▶ _WHAT THE EXERCISE ASKS_: Reproduce exactly the line that contains "nayra-mendes-com-vestido-levantado.jpg" and every line after it through the end of the records below, leaving out all pictures.

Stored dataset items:
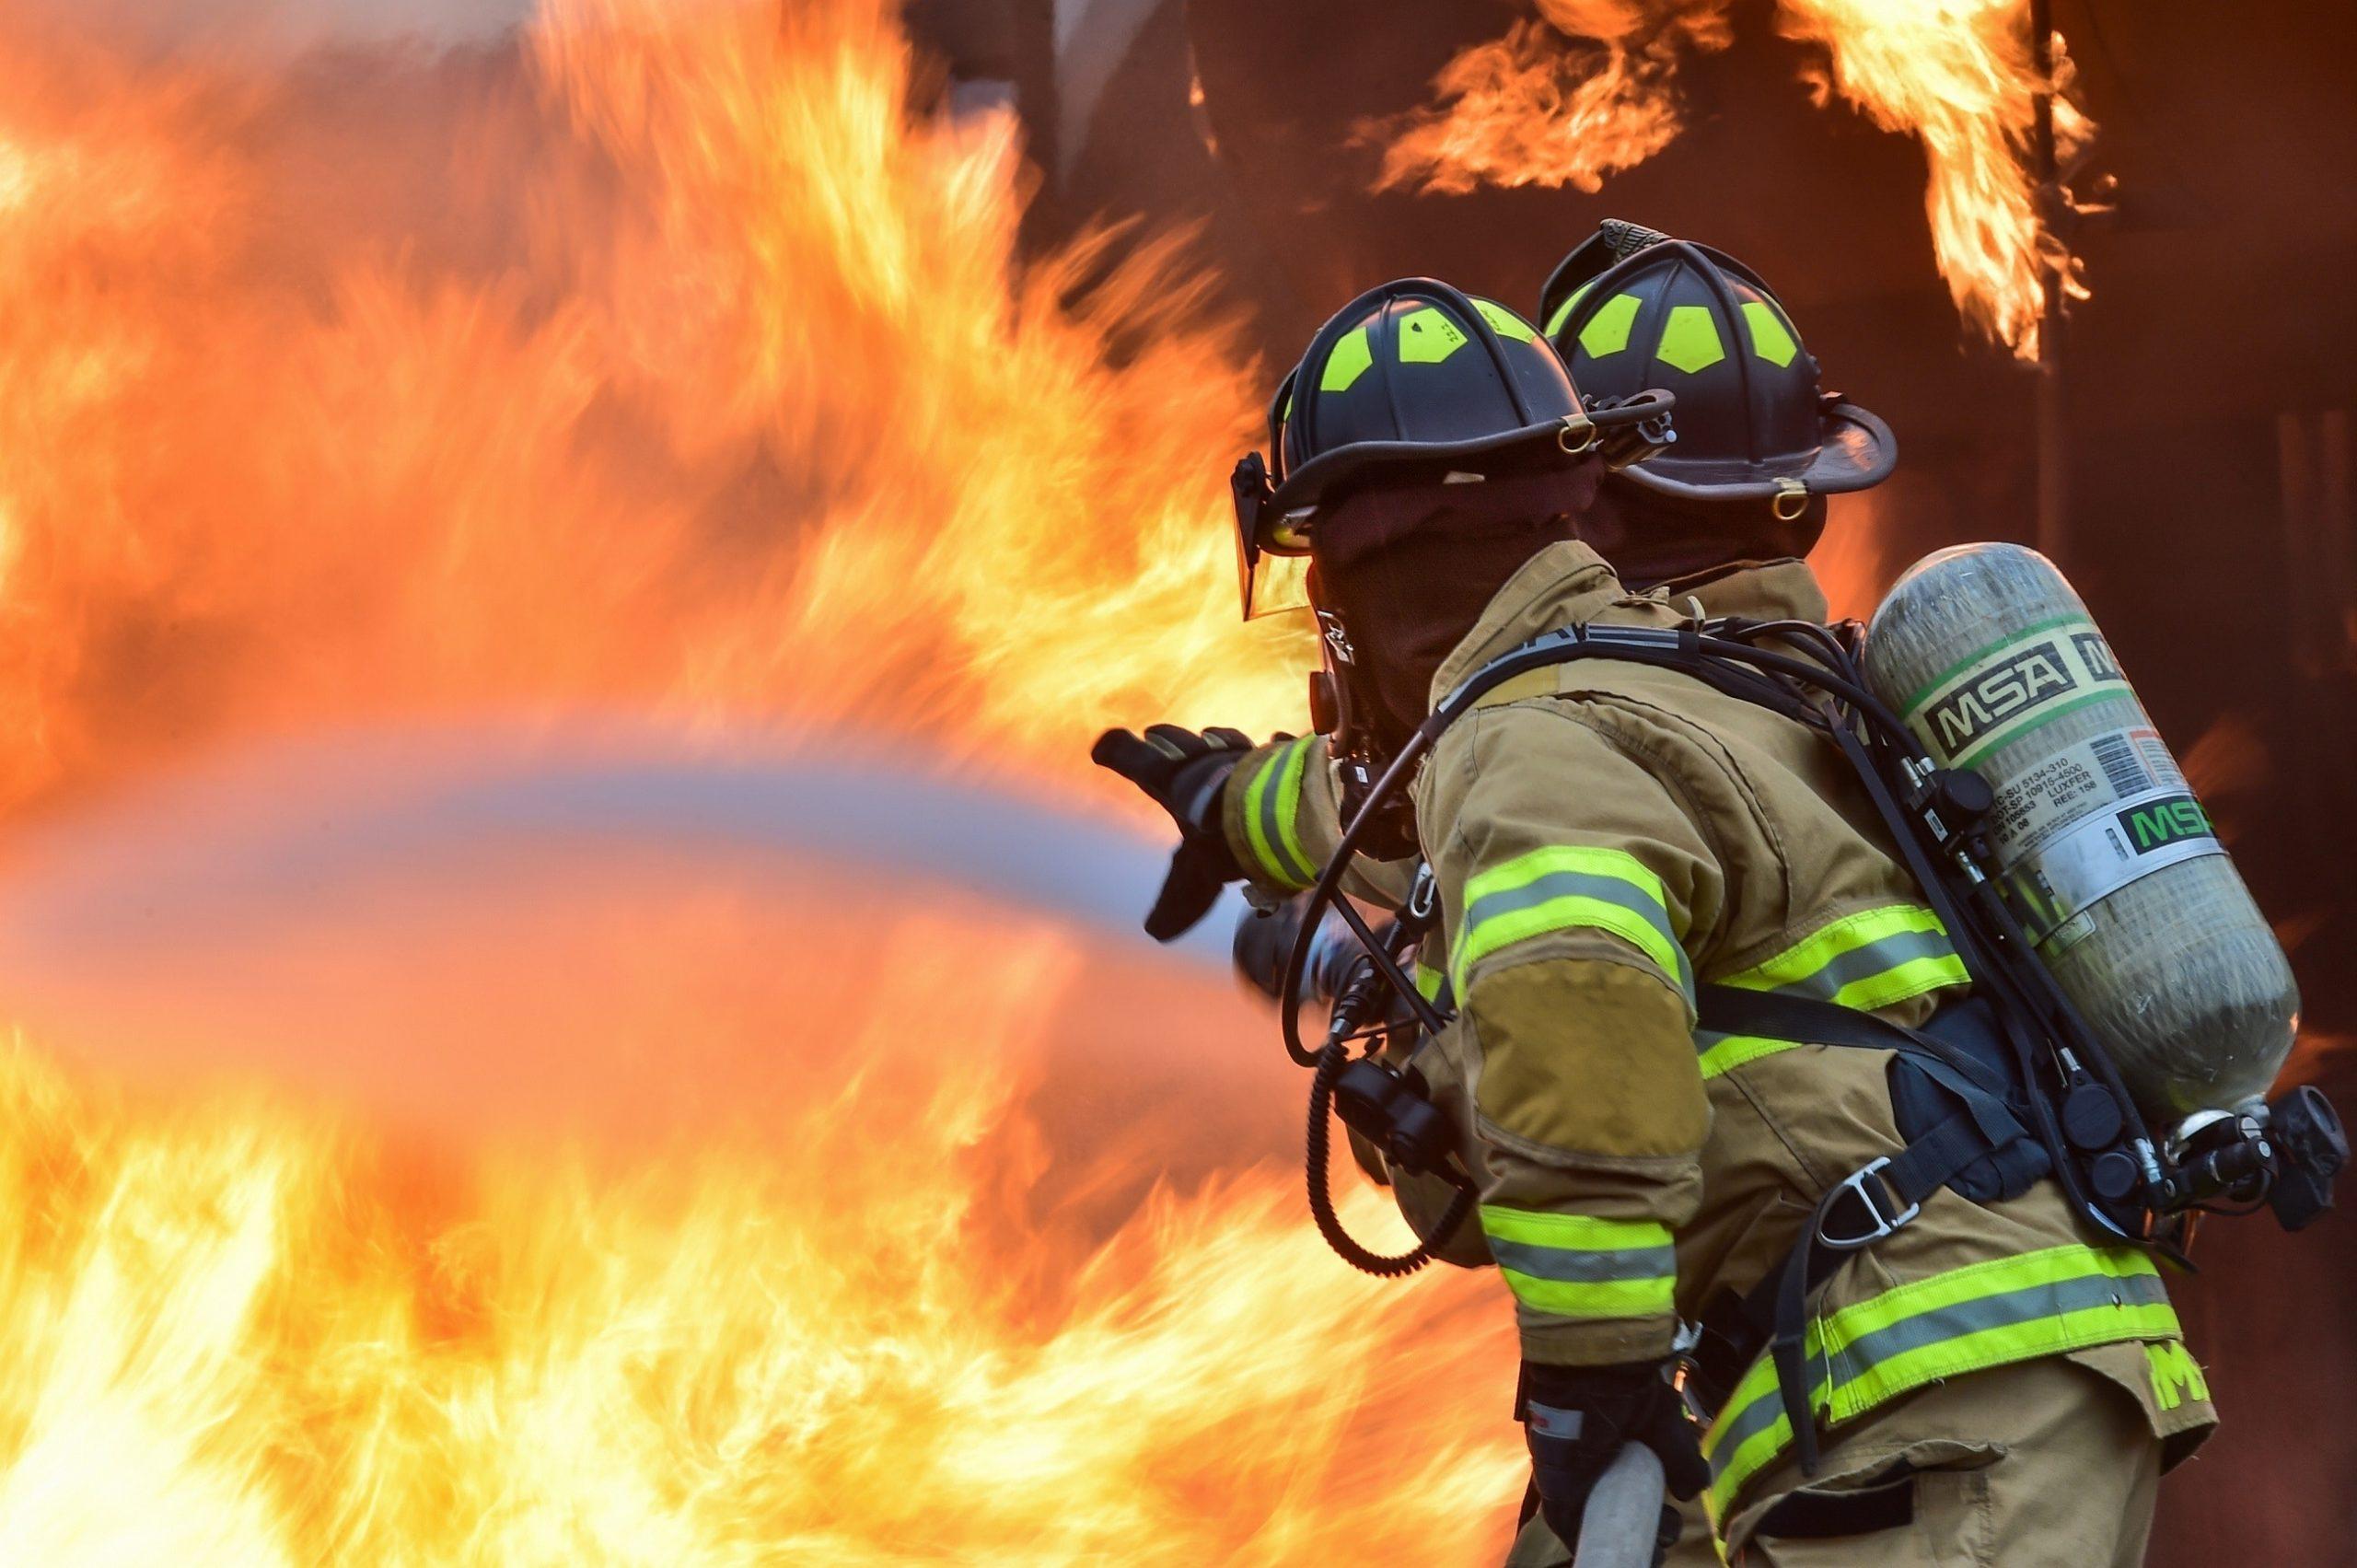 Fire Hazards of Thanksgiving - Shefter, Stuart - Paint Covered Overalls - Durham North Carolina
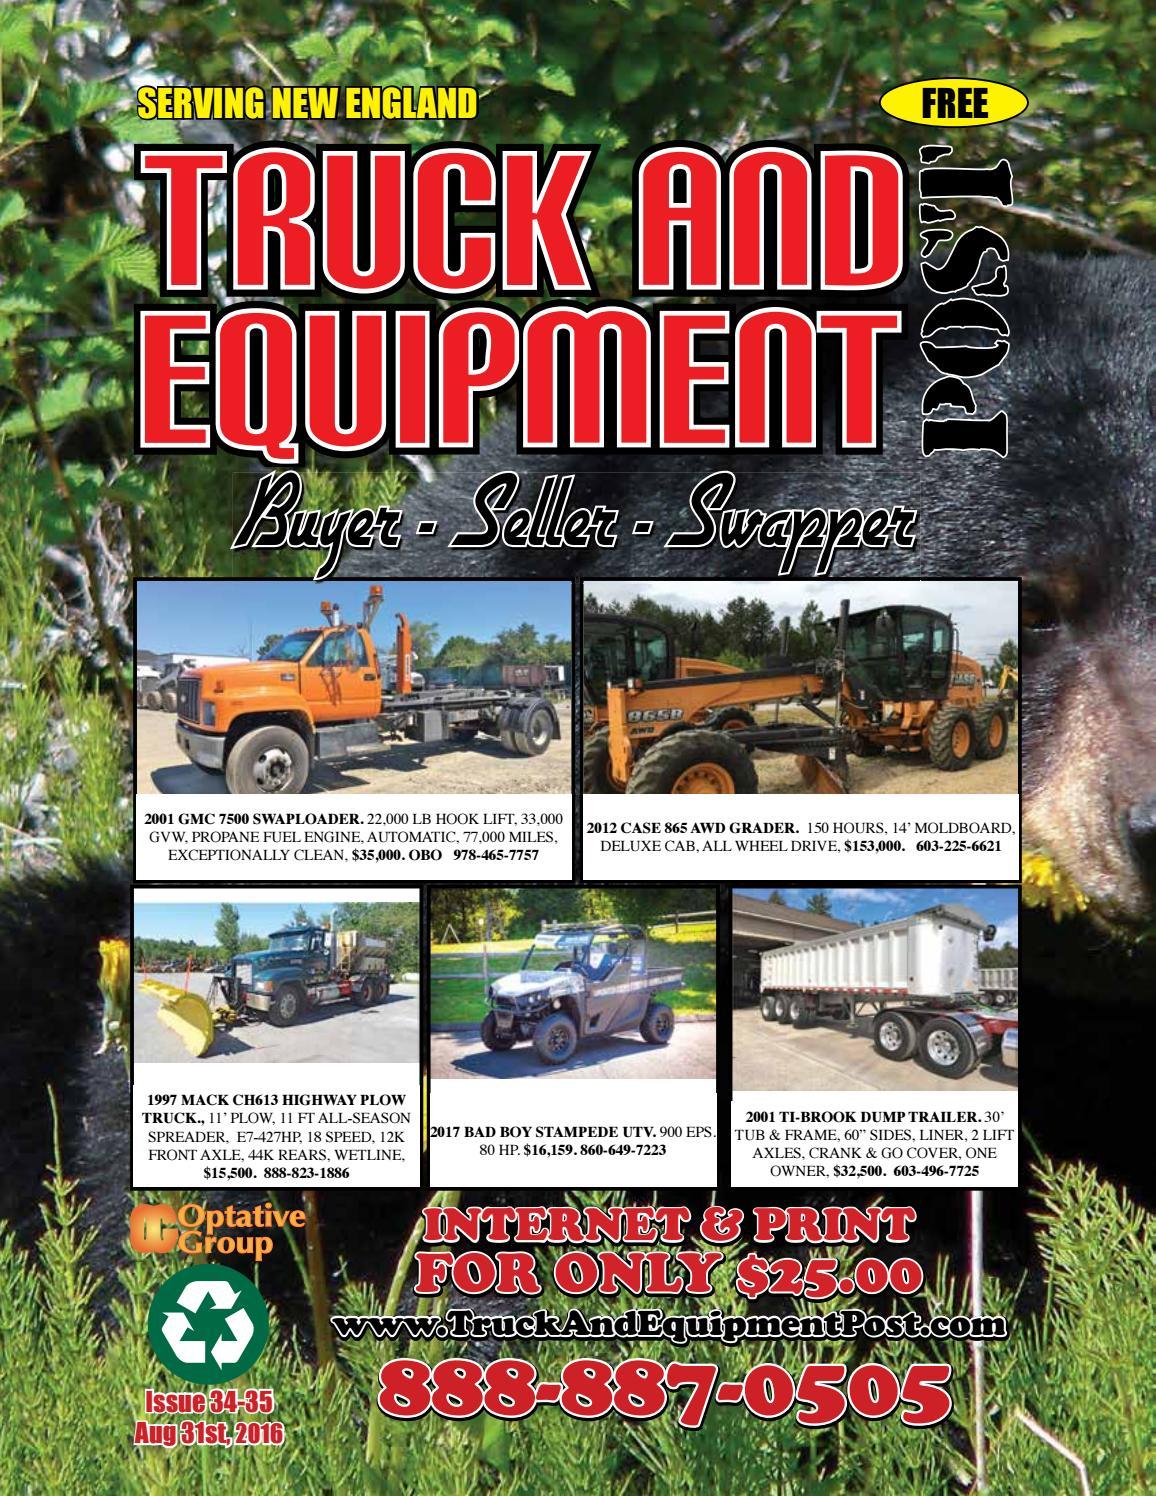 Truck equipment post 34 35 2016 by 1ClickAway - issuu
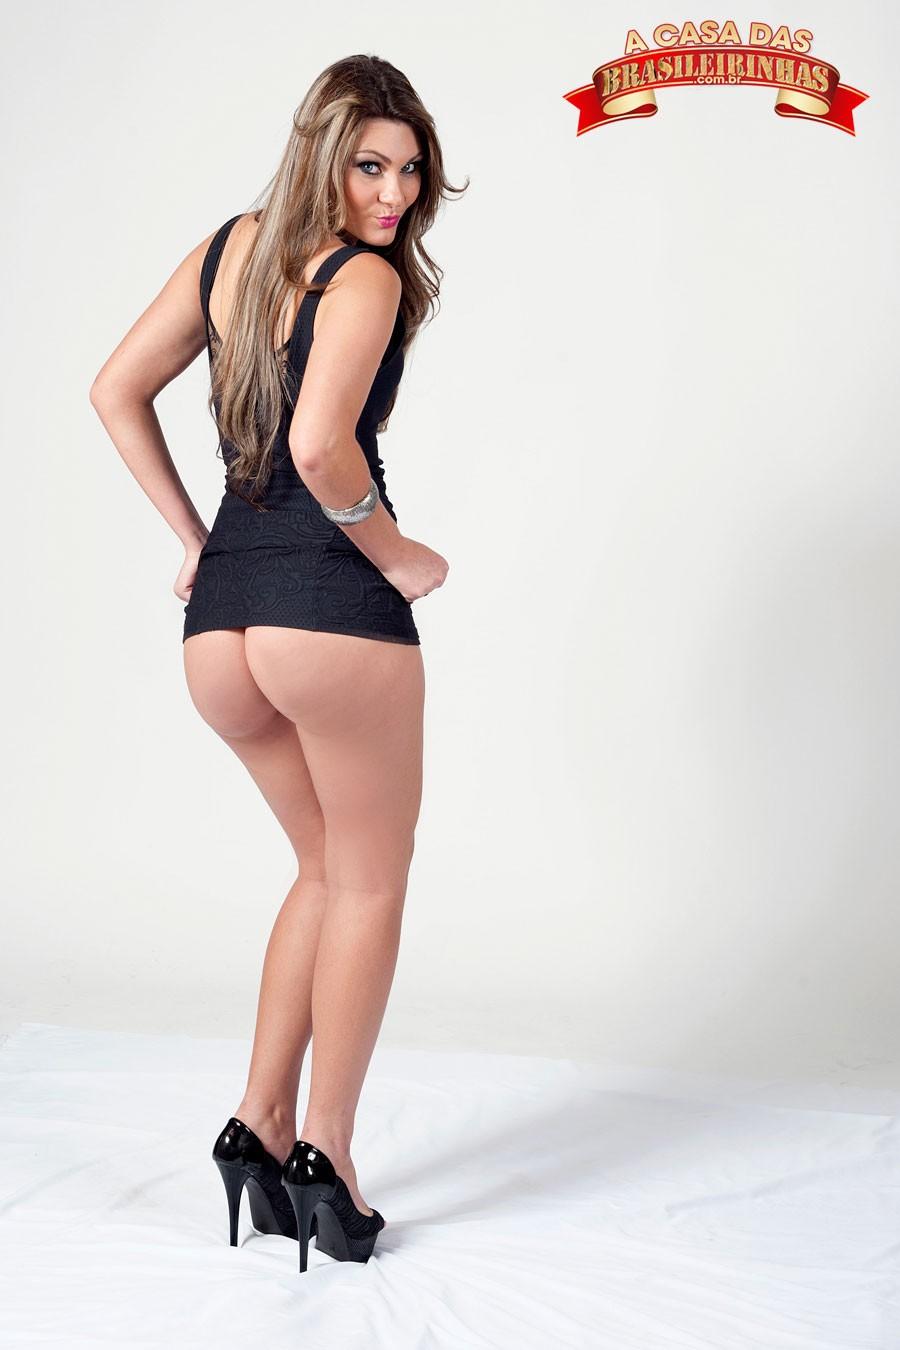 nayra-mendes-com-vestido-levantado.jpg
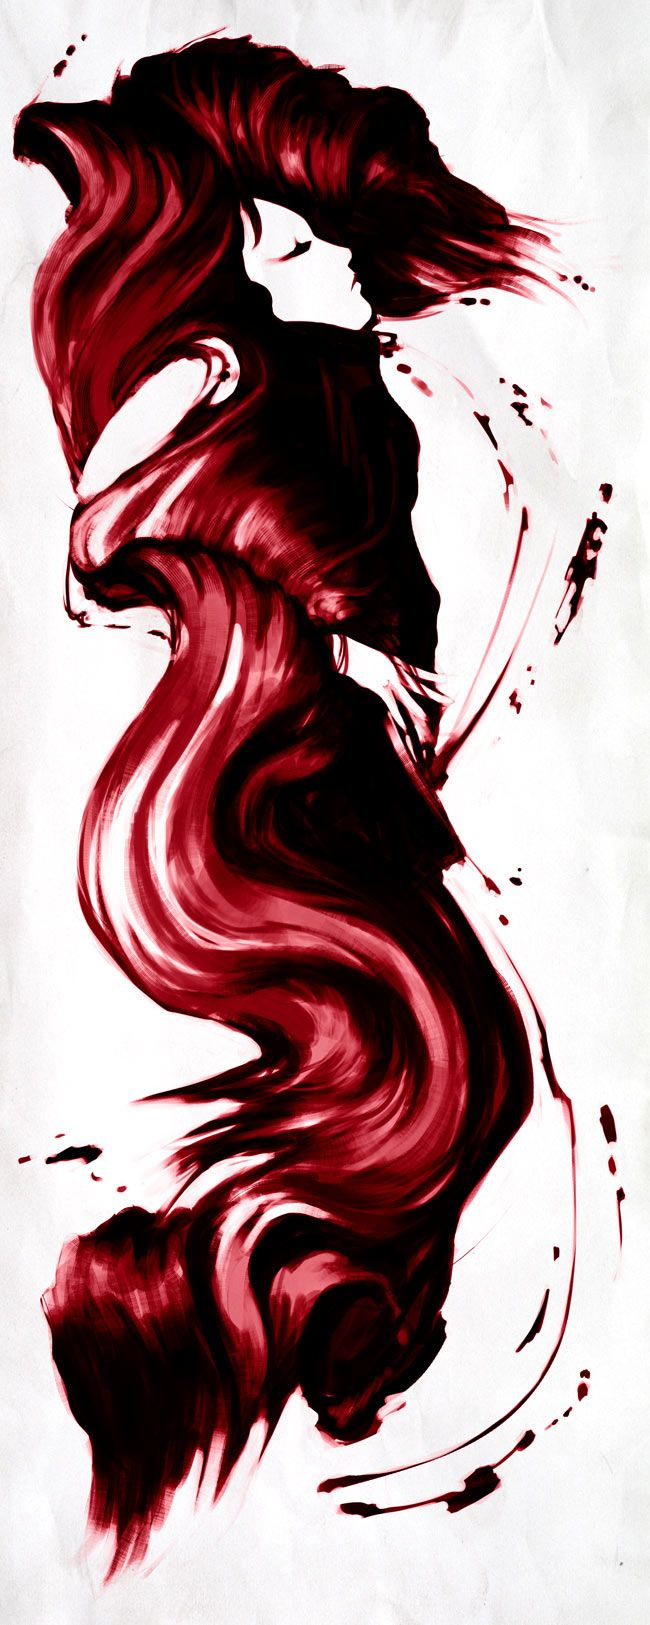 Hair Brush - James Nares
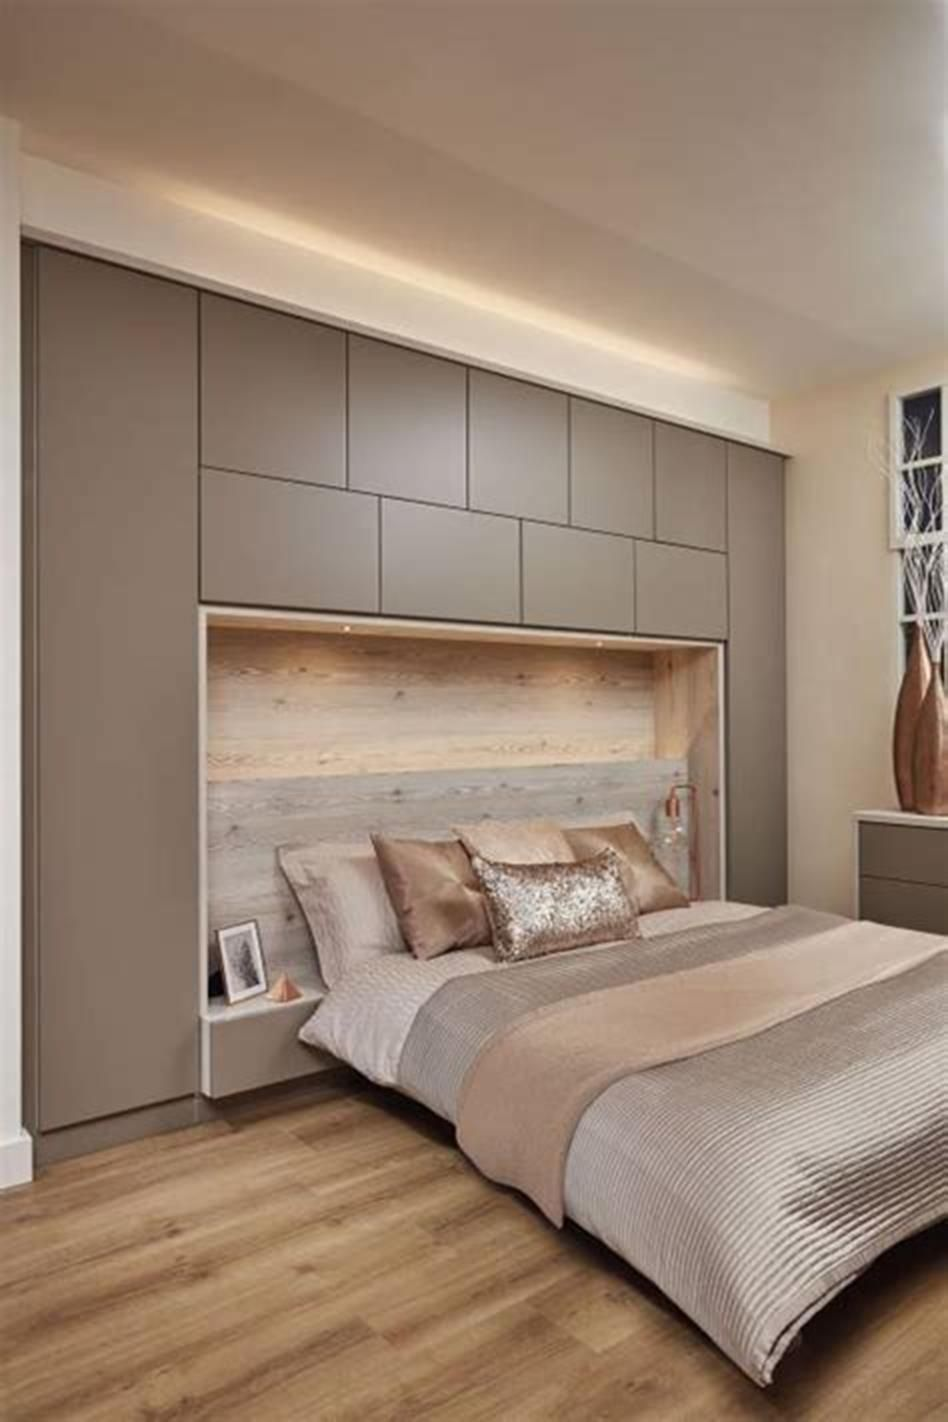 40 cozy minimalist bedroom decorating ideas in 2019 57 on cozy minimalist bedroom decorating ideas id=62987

▶ _SOLUTION TO THE EXERCISE_:
 nayra-mendes-com-vestido-levantado.jpg
 Hair Brush - James Nares
 40 cozy minimalist bedroom decorating ideas in 2019 57 on cozy minimalist bedroom decorating ideas id=62987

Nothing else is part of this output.